Sharrar adds a few details of Kommissar McLeroy’s war on English education, but the significant thing about the story is in the comments, I think. One poster appears to have details that are unavailable even from TEA. Partisans in the fight have details that Texas law requires to be made public in advance of the meetings, while the state officials who need to advise on the regulations and carry them out, do not.
TEA has an expensive website with full capabilities of publishing these documents within moments of their passage. As of Sunday morning, TEA’s website still shows the documents from last March. Surely Texas is not getting its value from TEA on this stuff.
Sharrar wrote:
Two different outside groups offered opposite reactions. The Texas Public Policy Foundation, a free-market think tank, favored the board’s action.
“It is obvious that too many Texas public school students aren’t learning the basics with our current curriculum,” said Foundation education policy analyst Brooke Terry. “We are glad the new curriculum will emphasize grammar and writing skills.”
Texas public schools fail to adequately prepare many students for college or the workplace, she said, citing a 2006 survey by the Conference Board found that 81 percent of employers viewed recent high school graduates as “deficient in written communications” needed for letters, memos, formal reports and technical reports.

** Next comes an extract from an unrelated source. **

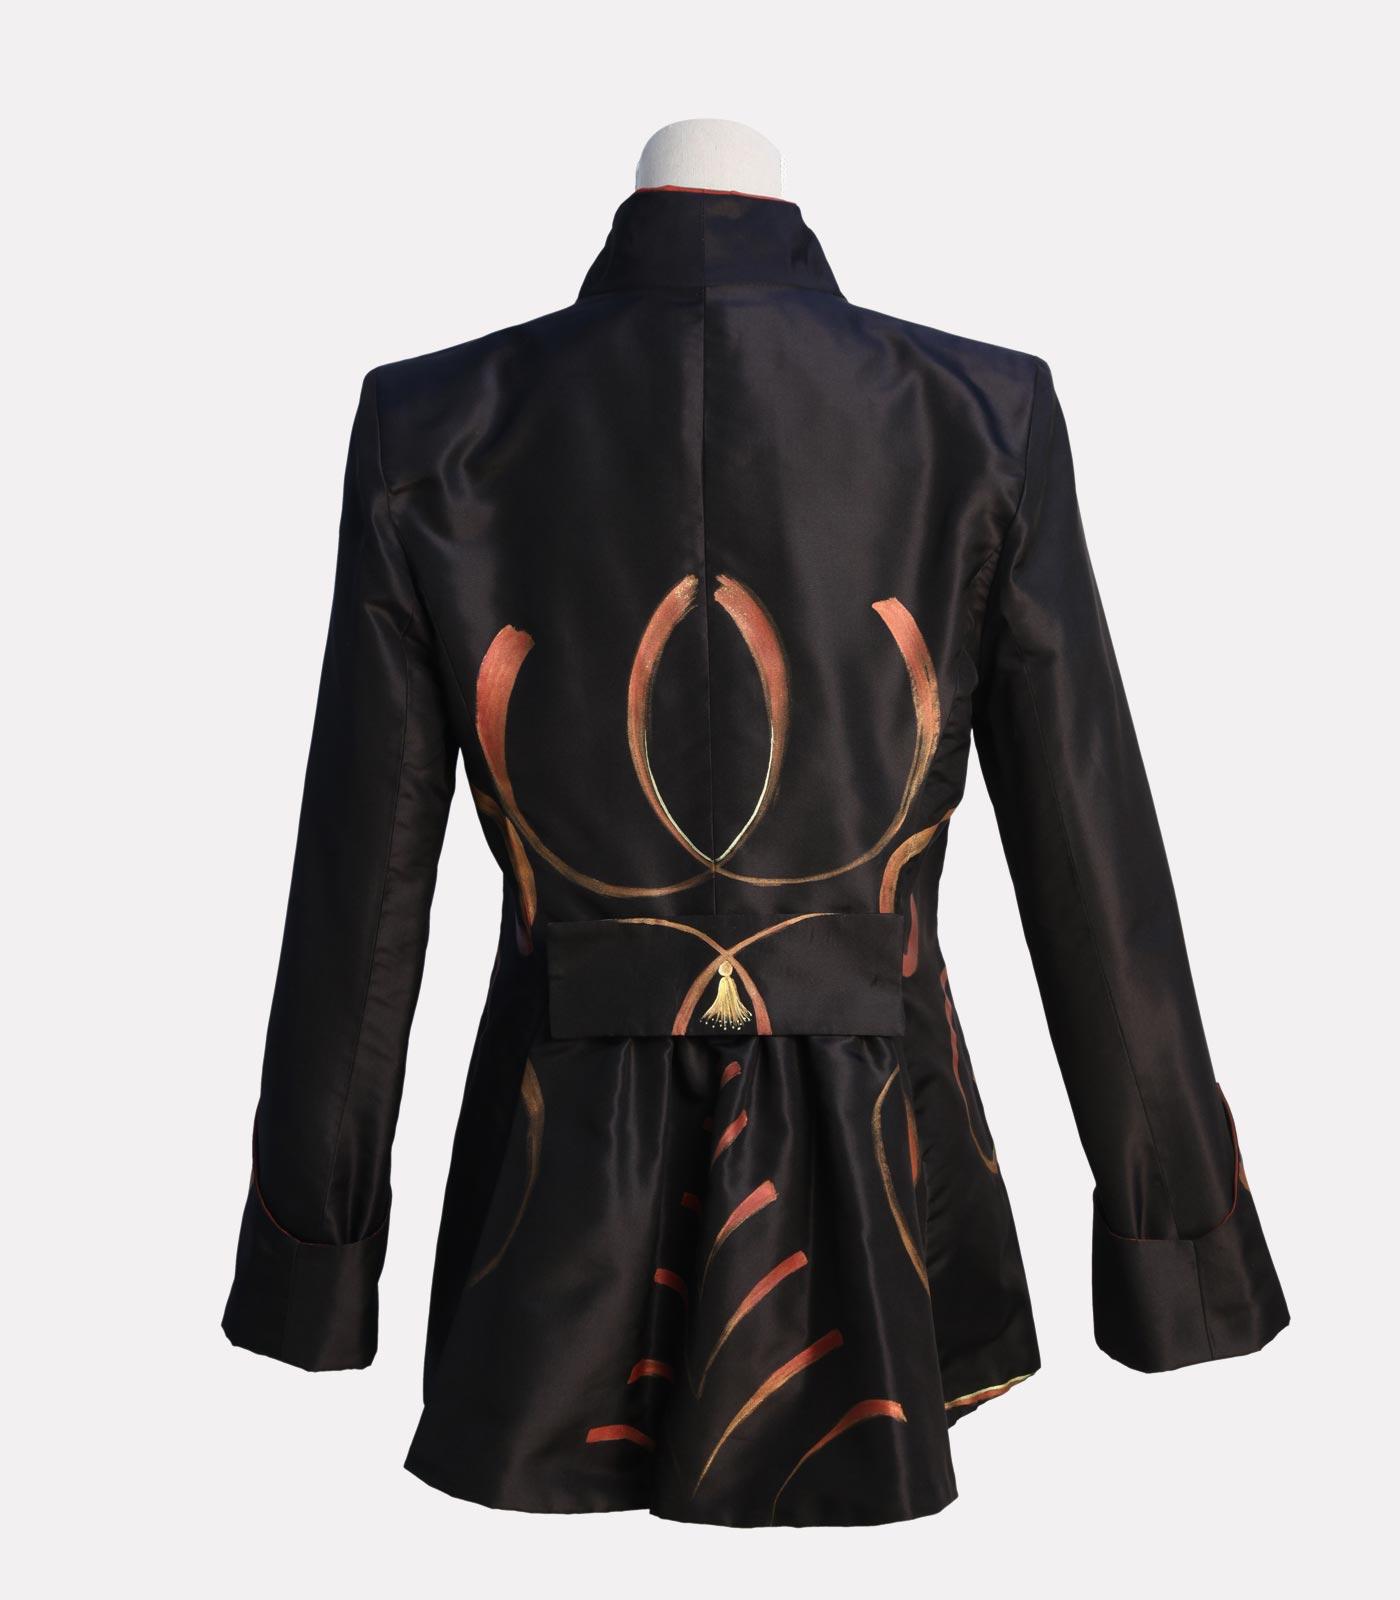 giacca elegante nera brillante

But the Texas Freedom Network, which promotes public education, religious freedom and individual liberties, called the board divisive and dysfunctional.

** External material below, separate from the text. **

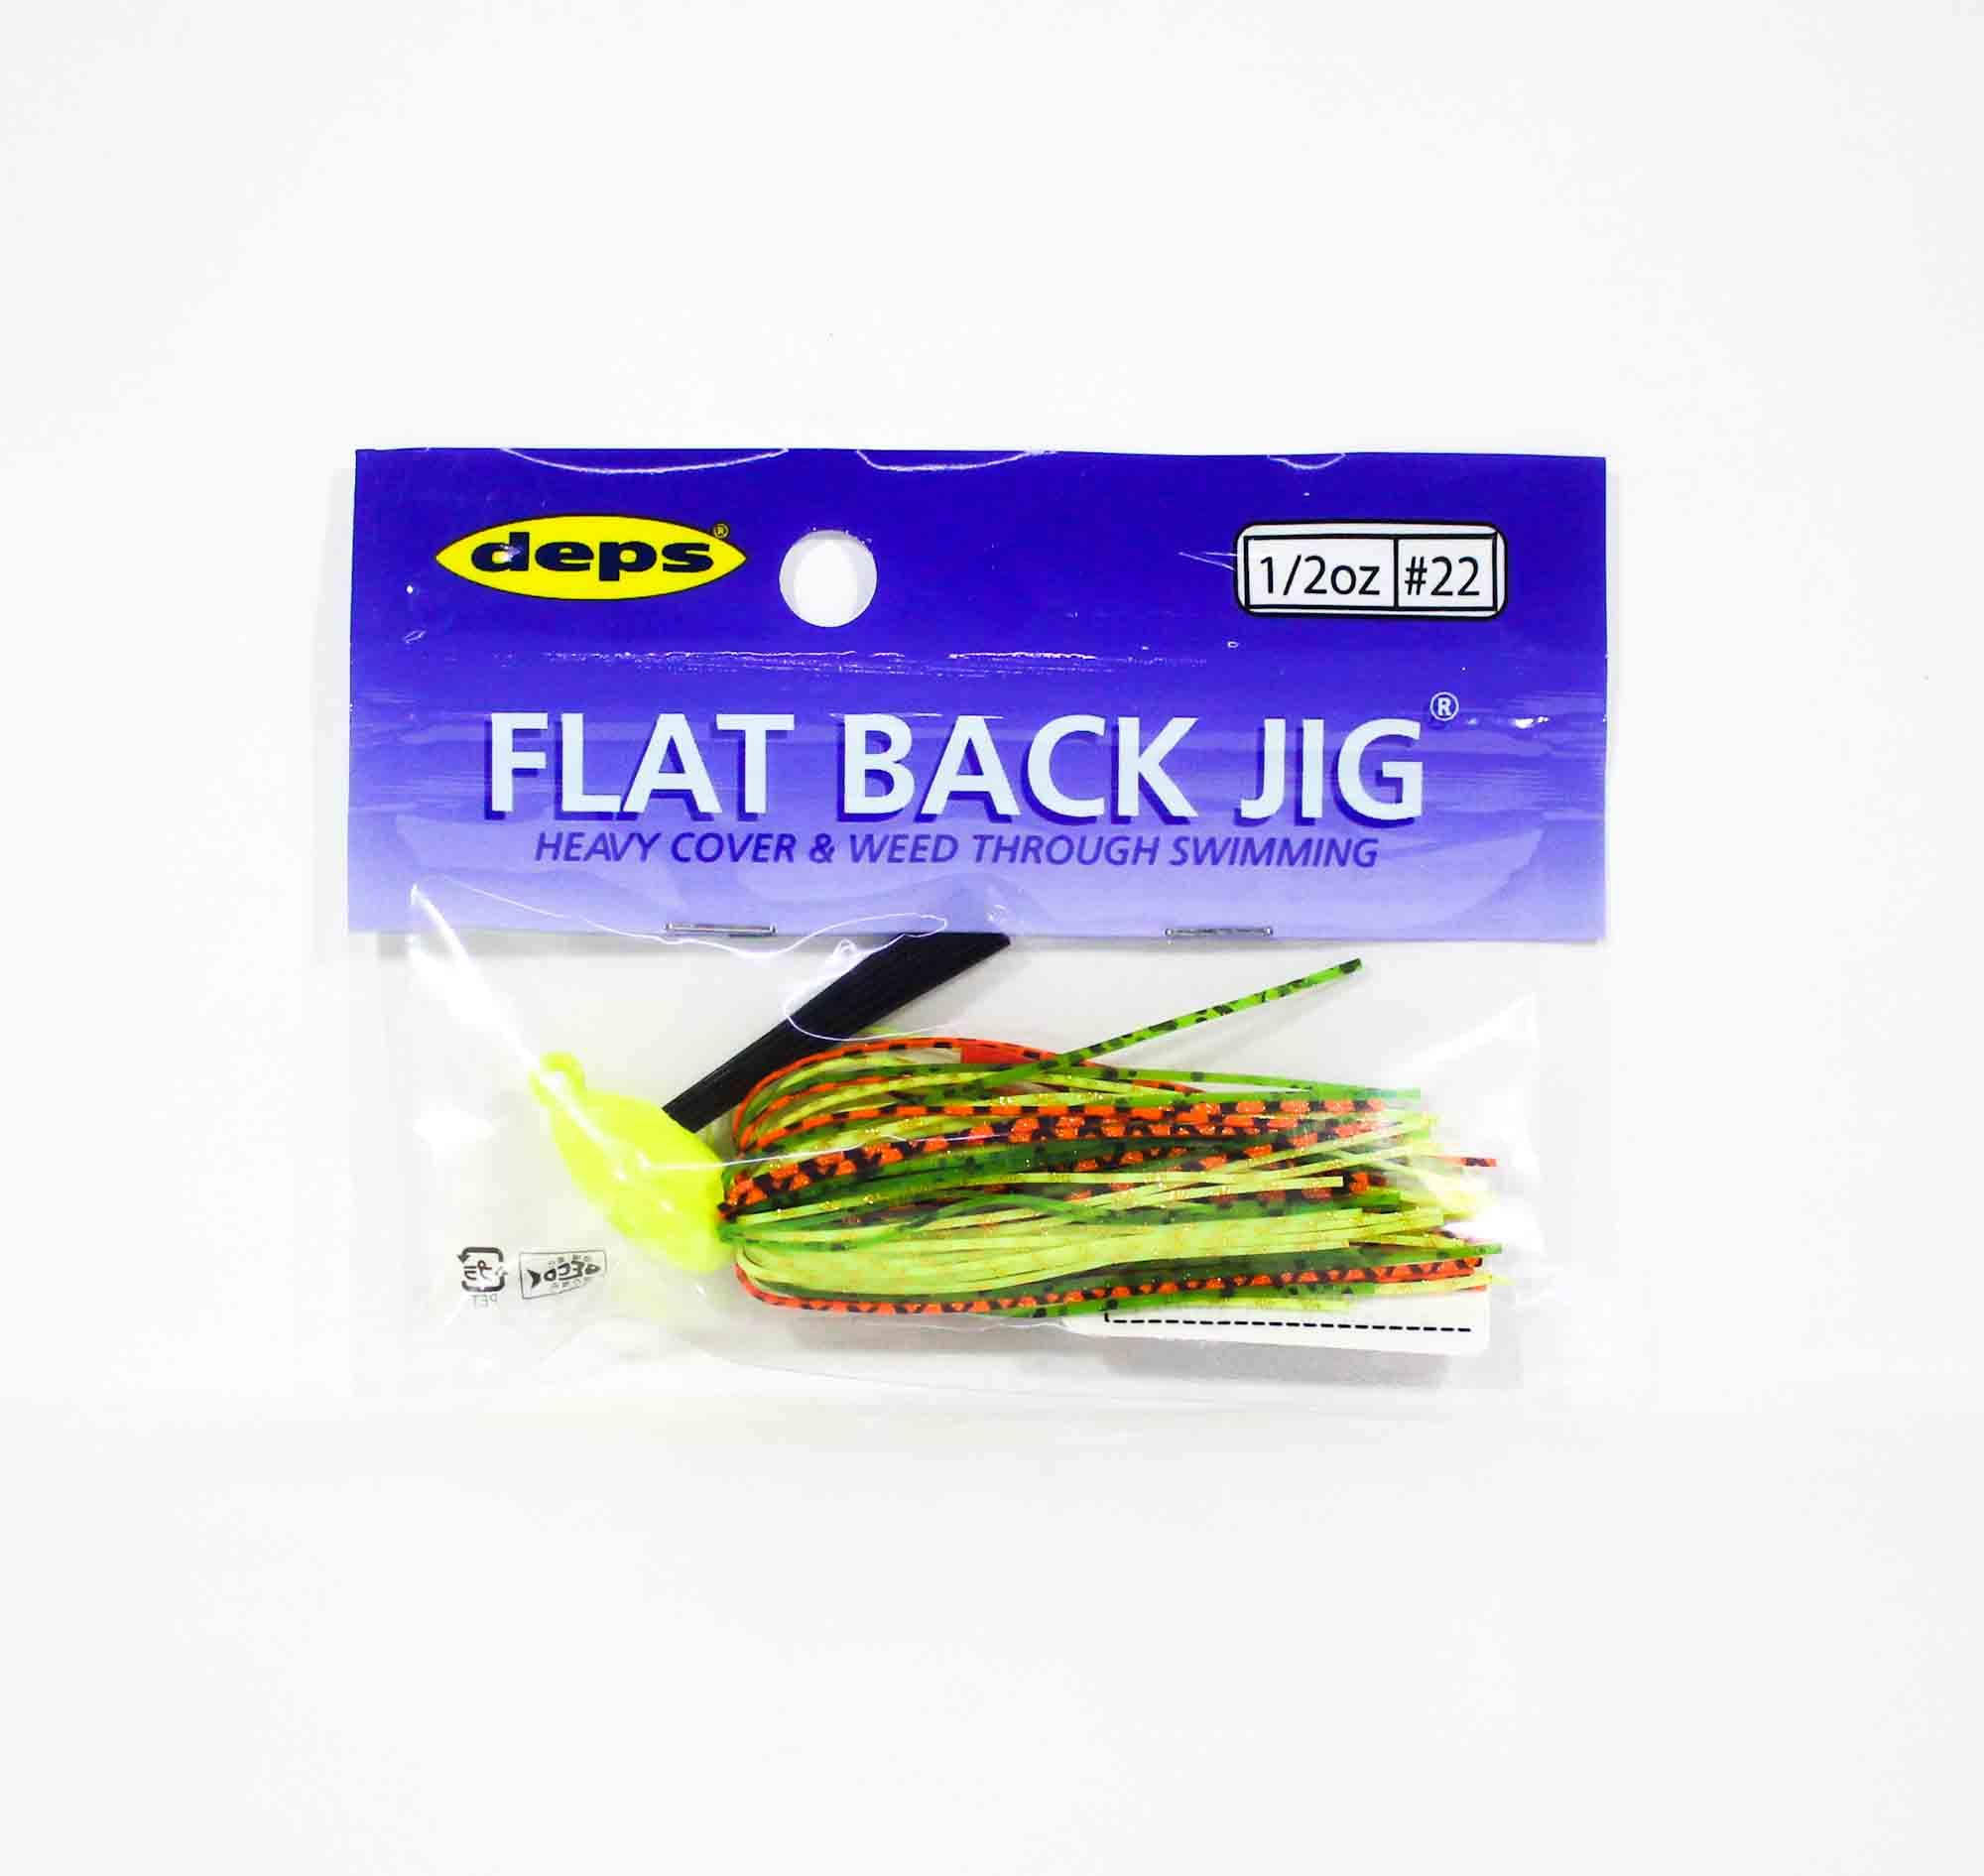 Deps Flat Back Jig Rubber 1/2 oz 22 (0223)

“College ready” generally means reading well, and reading broadly in literature. From a pedagogical standpoint, emphasizing “grammar and writing skills” over the reading that is proven to improve grammar and writing skills will be a losing battle. I hope the details of the plan will show something different when TEA ever makes them available to the taxpaying/education consuming public and English teachers. NCLB asks that such changes be backed by solid research — it will be fascinating to see whether there is any research to support the Texas plan (not that it matters; this section of NCLB has been ignored by the right wing from the moment NCLB was signed).
Prior to this week’s series of meetings, Commissar McLeroy expressed what sounds like disdain for reading in the English curriculum to the El Paso Times:
But chairman McLeroy said he would fight against some of the measures the educators want, especially the comprehension and fluency portion.

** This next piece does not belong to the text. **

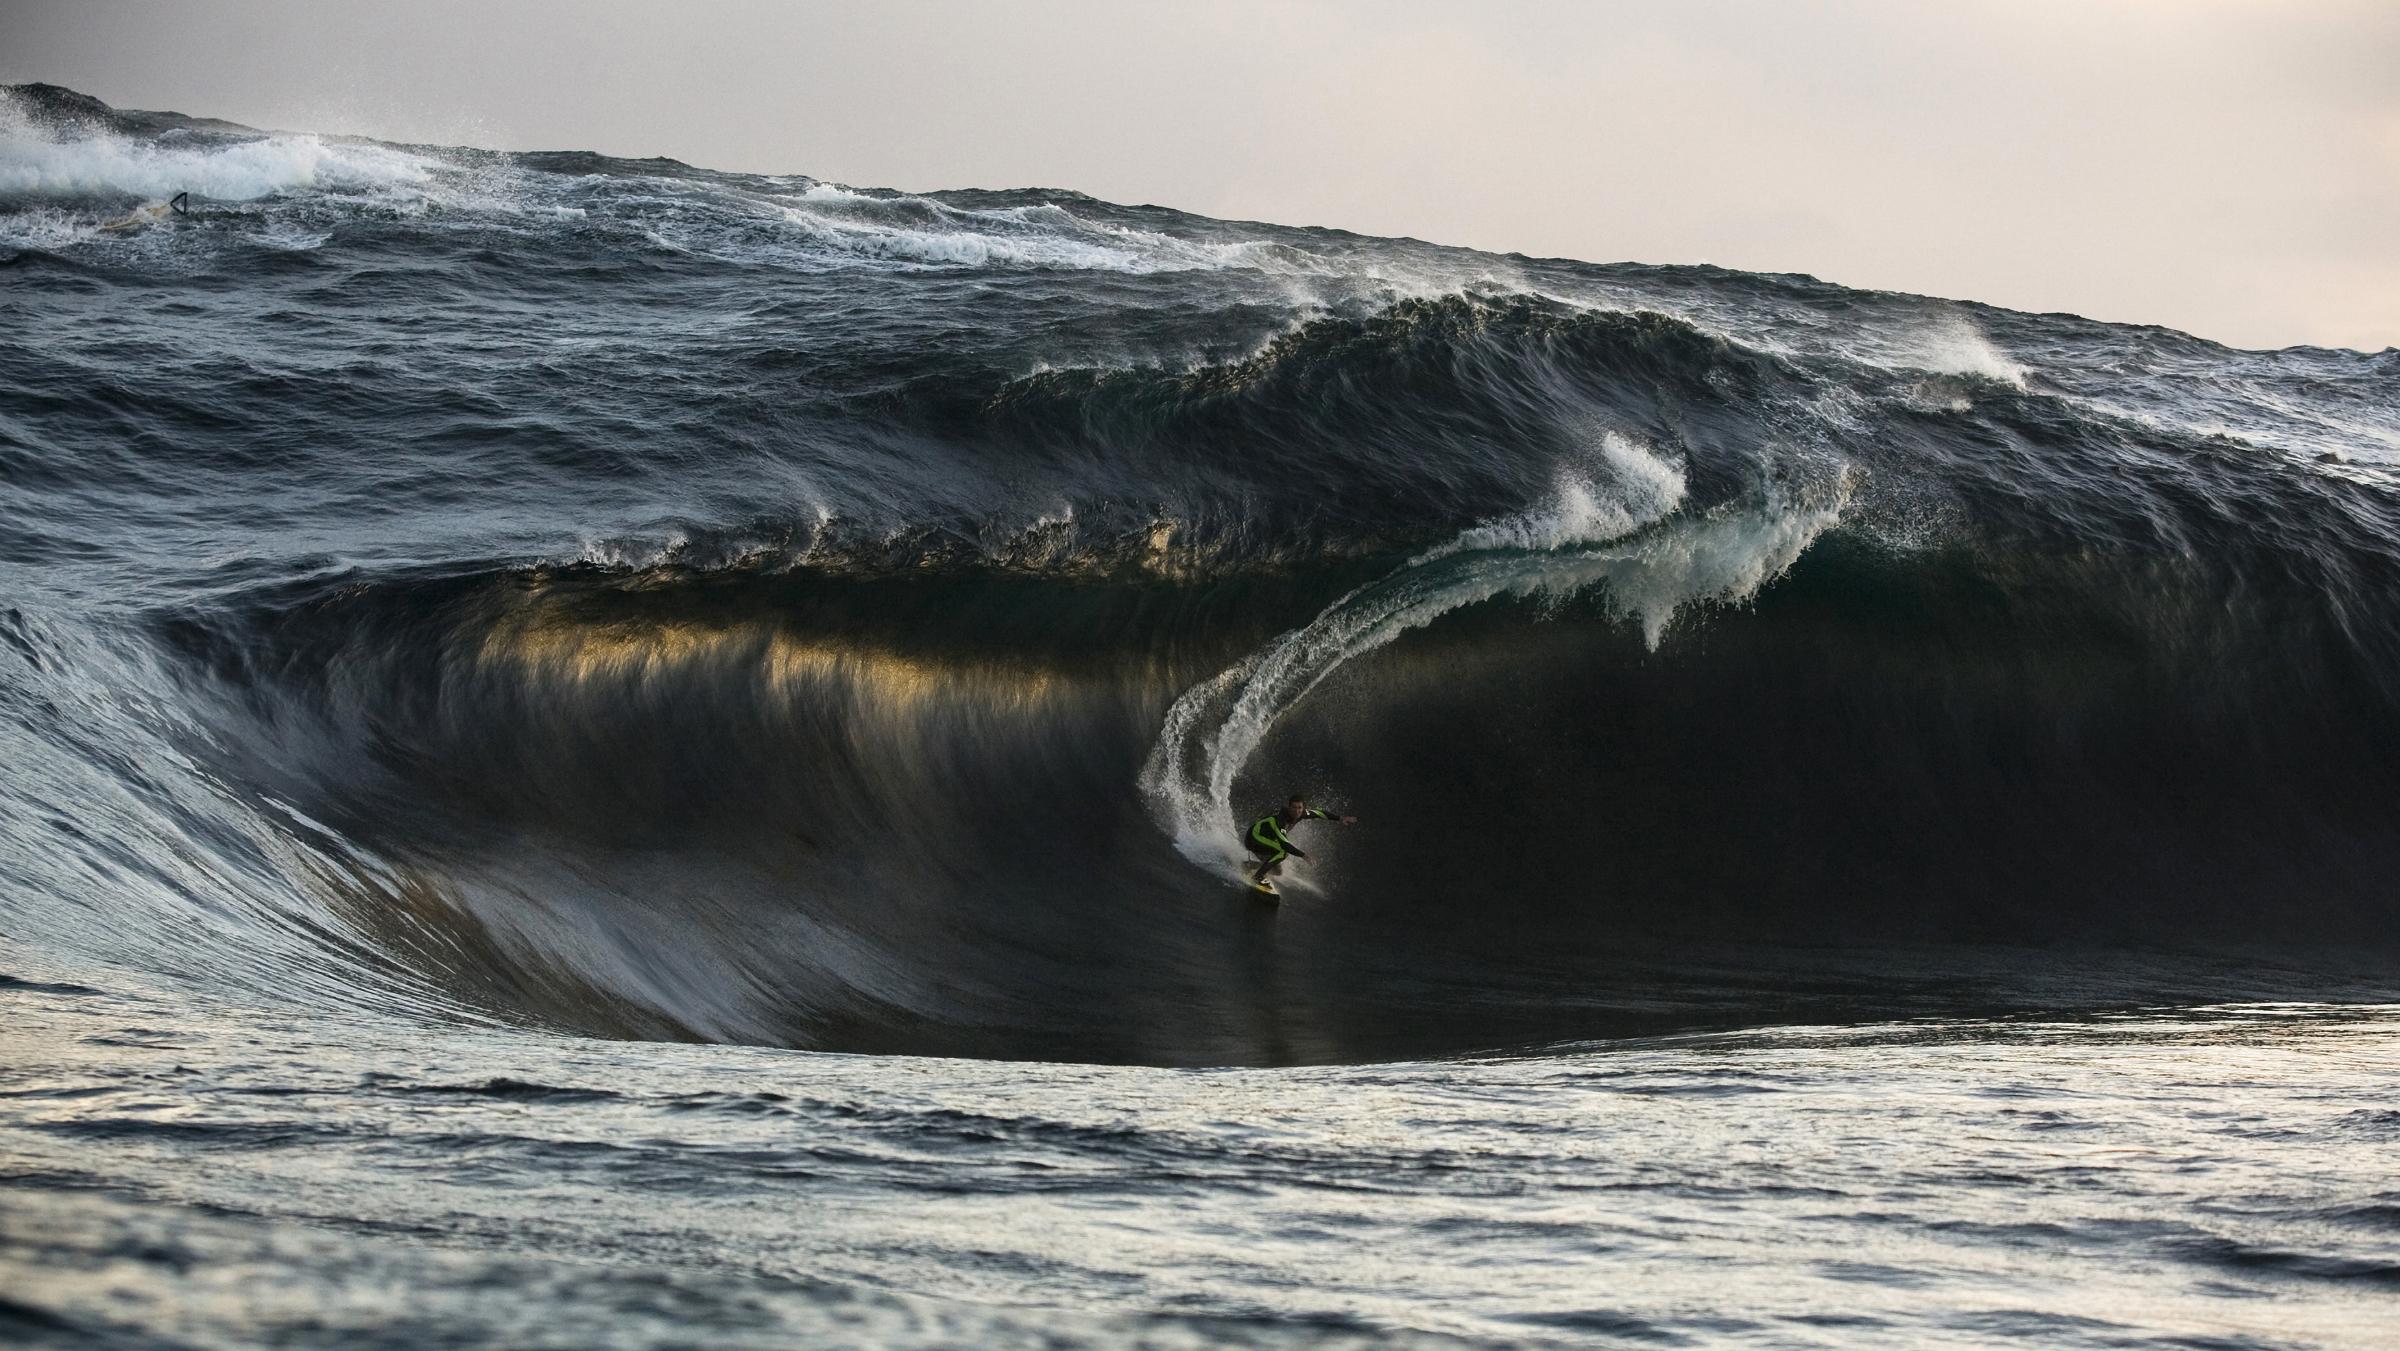 Now worries wave

Their suggestions, he said, would have students waste time on repetitive comprehension strategies instead of actually practicing reading by taking in a rich variety of literature.
“I think that time is going to be lost because they’ll be reading some story, and they’ll just overanalyze,” he said.
By the way, calling the Texas Public Policy Foundation a “free market think tank” is misleading. The group is quite hostile to public education, and features on its board several people who have led fights to gut funding for public schools and impose bleed-the-schools voucher programs. The Foundation appears to endorse preaching in public schools and gutting science standards, among other problems.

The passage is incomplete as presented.